* Carrier to fly 5 million fewer passengers
* Calls for speeding up of vaccinations
* Analyst increases loss forecast (Adds bullets; analysts increasing forecast annual loss; analyst quote)
DUBLIN, Jan 7 (Reuters) - Ryanair slashed its annual traffic forecast by around 5 million passengers on Thursday, saying fresh lockdowns in Britain and Ireland targeting a highly contagious new variant of COVID-19 would leave the countries with “few, if any” flights.
The Irish low-cost carrier, Europe’s largest, also harshly criticised public health measures, saying Ireland’s travel curbs were “inexplicable and ineffective” and called on the country and Britain to accelerate the pace of vaccine rollouts.
Both governments have said the rapid spread of a new, more transmissible coronavirus variant forced strict curbs on travel and say they are distributing vaccines as fast as they receive them.
The British and Irish measures “will result in few, if any, flights being operated to/from Ireland or the UK from the end of Jan until such time as these draconian travel restrictions are removed,” Ryanair said in a statement.

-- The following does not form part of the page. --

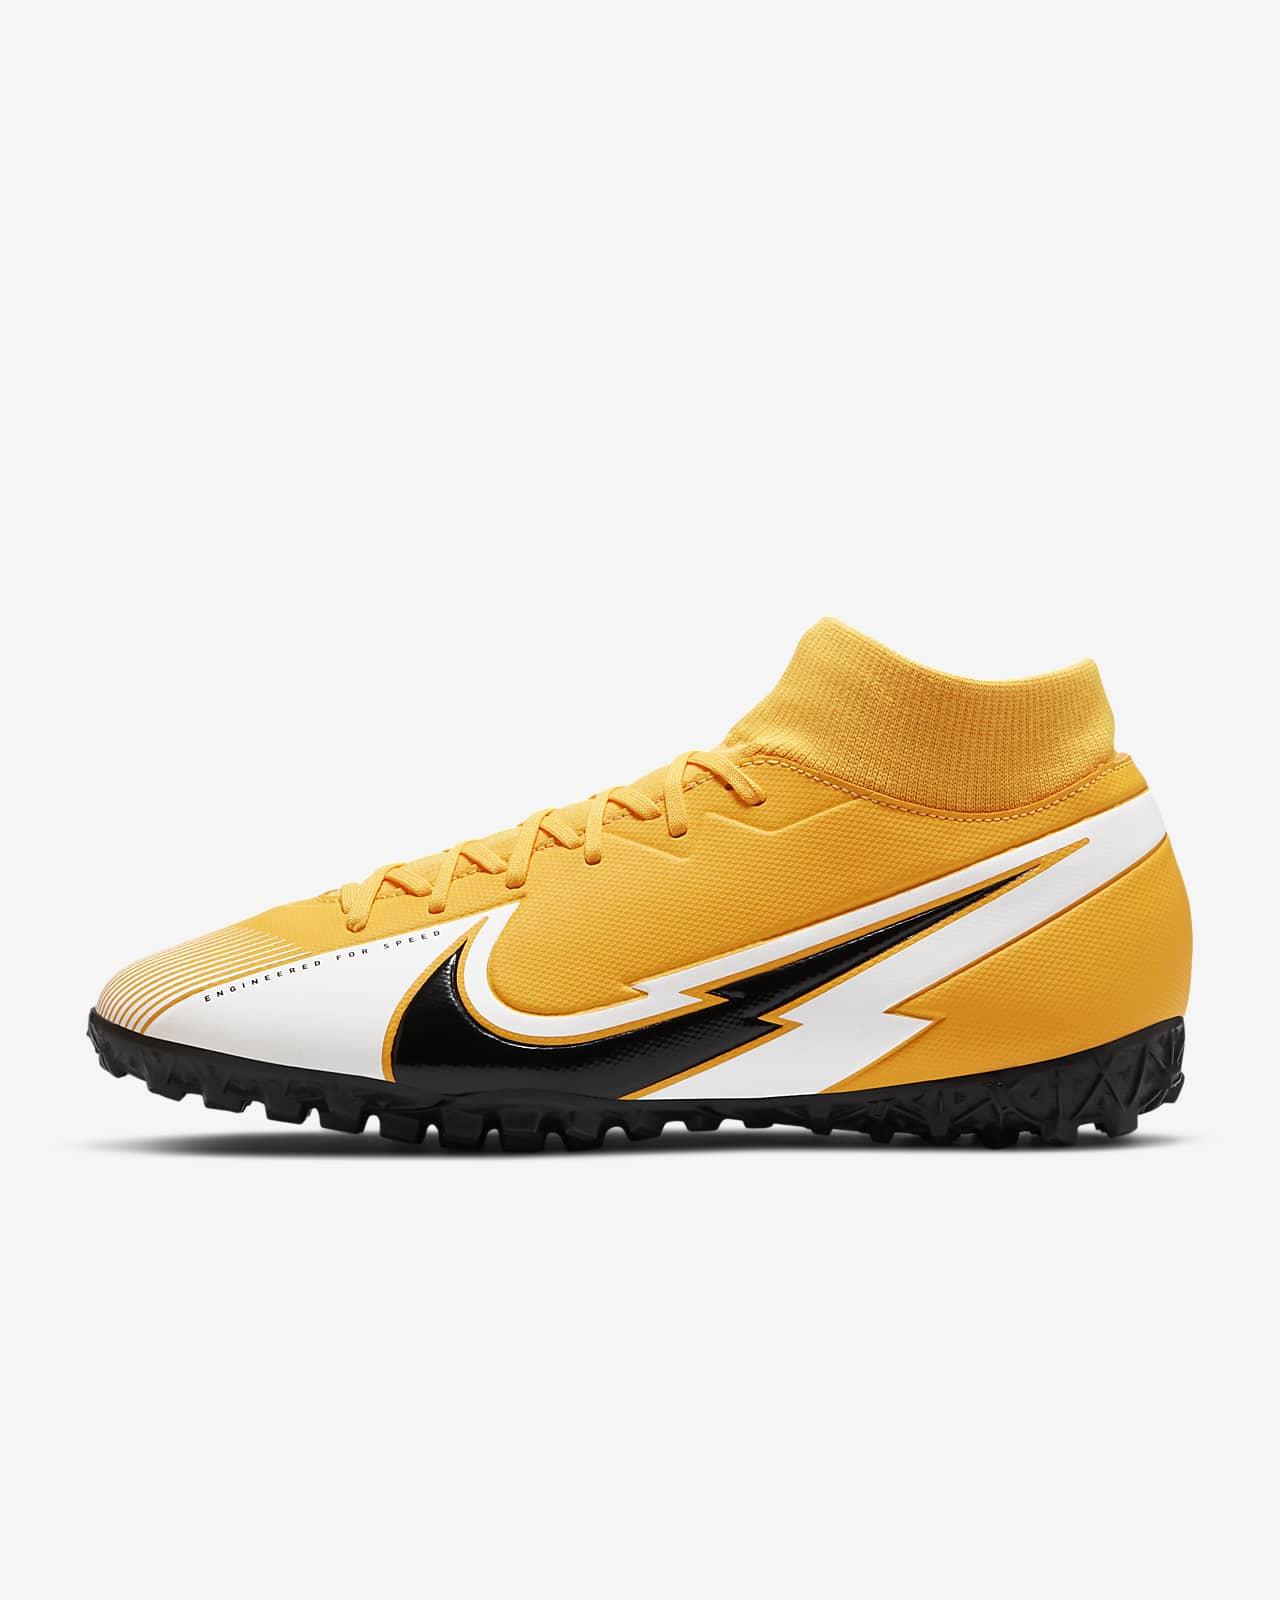 Футбольные бутсы для игры на синтетическом покрытии Nike Mercurial Superfly 7 Academy TF

The airline will significantly reduce its flight schedules from Jan. 21 until the end of the current lockdown, it said, forecasting under 1.25 million passengers in January and as few as 500,000 passengers in February and March.
As a result, Ryanair said it had cut its traffic forecast for its financial year, which ends on March 31, from its current forecast of “below 35 million” to between 26 and 30 million passengers.
“Ryanair does not expect these flight cuts and further traffic reductions will materially affect its net loss for the year to 31 March 2021 since many of these flights would have been loss making,” the statement said.
Citi analysts said in a note that the traffic cuts would likely increase Ryanair’s net loss in the current financial year to 908 million euros from an earlier forecast of 730 million. It cut its profit forecast for the next financial year to 582 million euros from 641 million.
Goodbody analyst Mark Simpson said pre-booking activity for spring and summer appeared to be “just not there.” That will defer the usual cash inflows expected by the industry at this time of the year, he said, though this will likely hit Ryanair’s rivals more.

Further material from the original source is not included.